Got dupes?!?! You’re not alone.
Duplicate problems are among the more common pain points we hear from new and prospective clients. Even with the tightest integrations and smartest users, you’ll always have duplicates. It’s something we all have to deal with and it’s not glamorous, but the investment to fix isn’t huge.
We have a standard process for duplicate management with all of our clients and it starts with ownership and culture around data management. Dealing with duplicates is a pain and no one enjoys doing it—however, it is critical to keep a clean database. Duplicates = lack of confidence in data quality = undermining your whole database. So like a lot of things in life, the work to get there isn’t very enjoyable but the outcome is.

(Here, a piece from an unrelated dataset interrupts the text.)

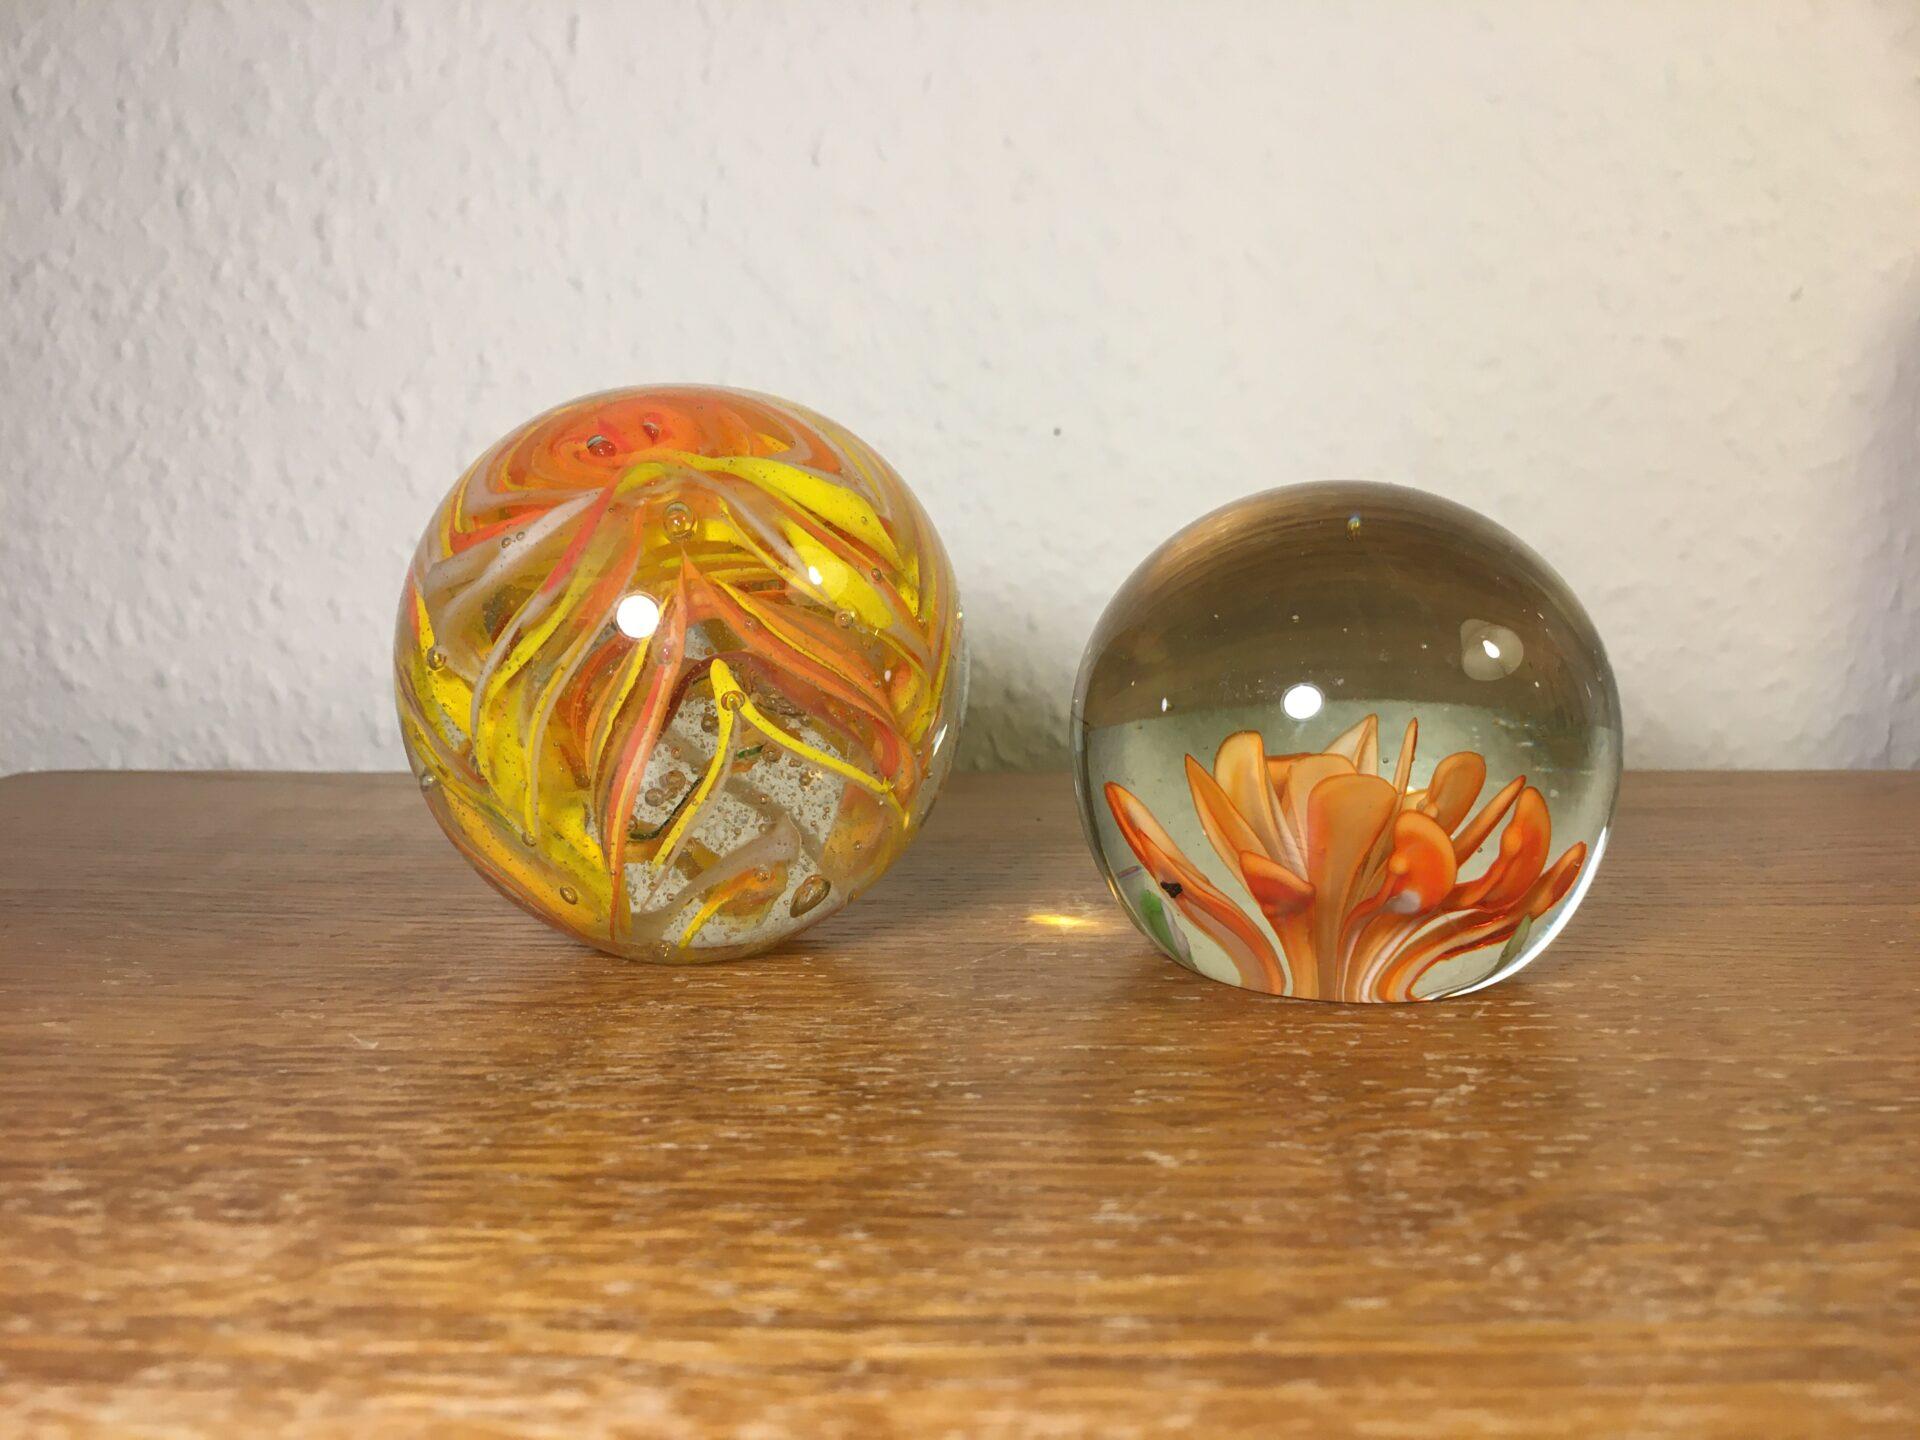 gamle brevpresser af glas, d=7cm/ 6 cm, pris pr stk 300kr
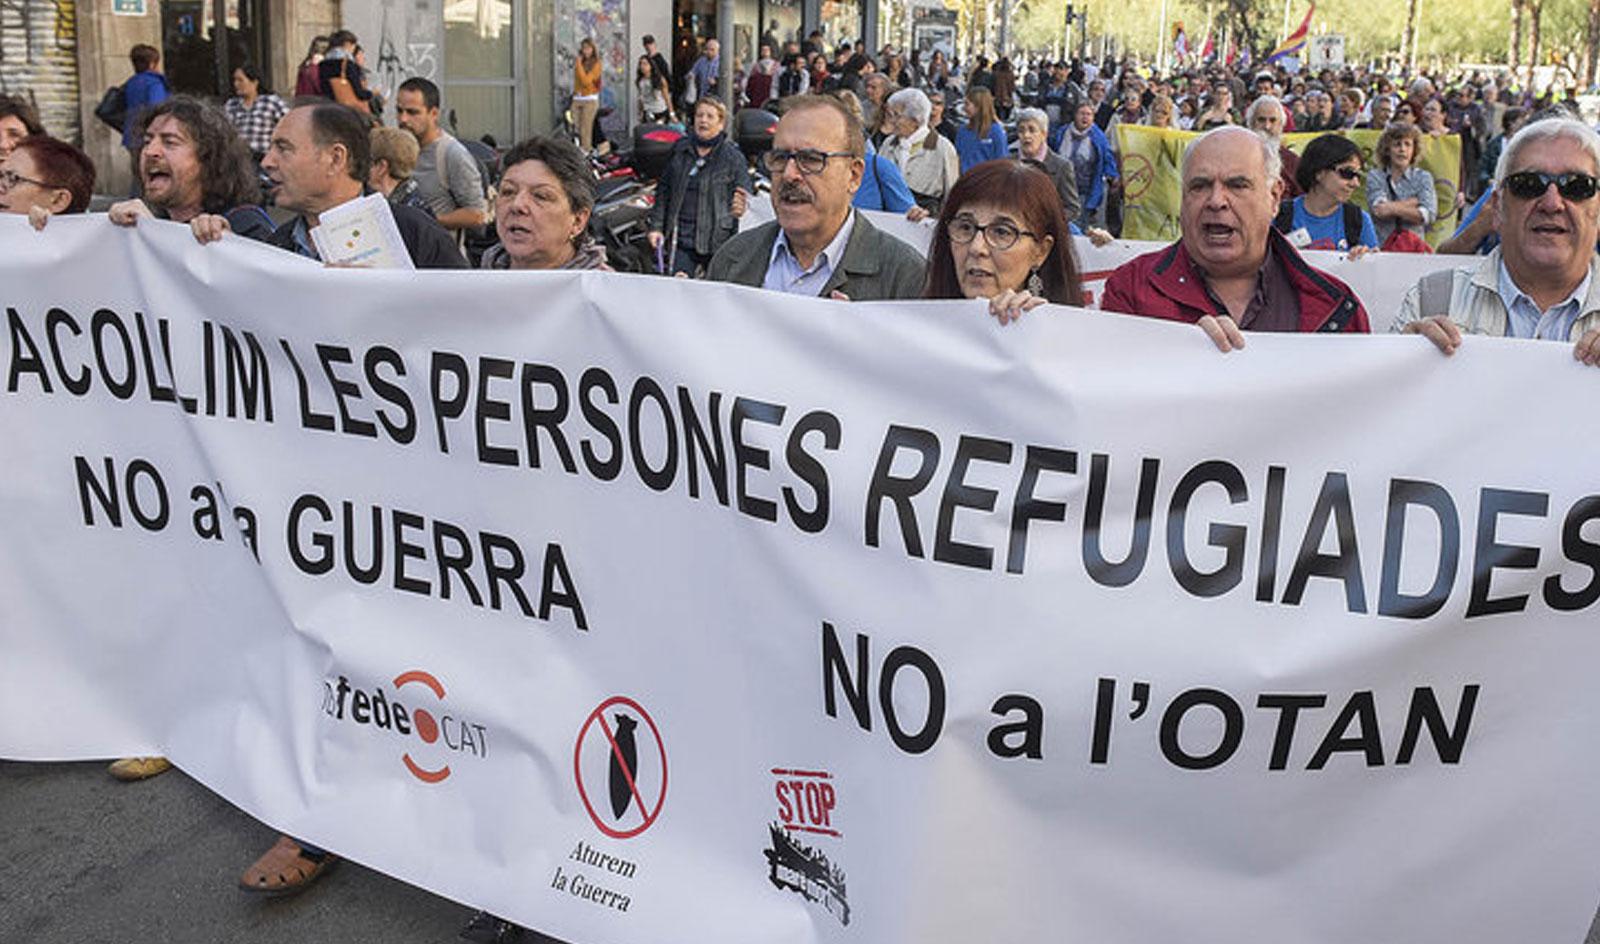 La ciutadania surt al carrer en rebuig a les intervencions militars i a favor de l'acollida de les refugiades

Create a culture in your organization of dealing with duplicates on a routine basis. Build a dashboard of duplicates (and other data issues) emailed to you weekly as a reminder to go clean them up. If you are starting with a lot of duplicates, buy lunch for a few people and knock them out in an afternoon.
Tip: There is no tool out there that can dedupe records better than a person comparing the data side by side. Having eyes on every record is best practice and the best route to having confidence in the data. A tool is useful when you have a large number of low-quality duplicates and/or don't have duplicate rules configured. It’s best as a one-time historical cleanup, rather than an ongoing practice.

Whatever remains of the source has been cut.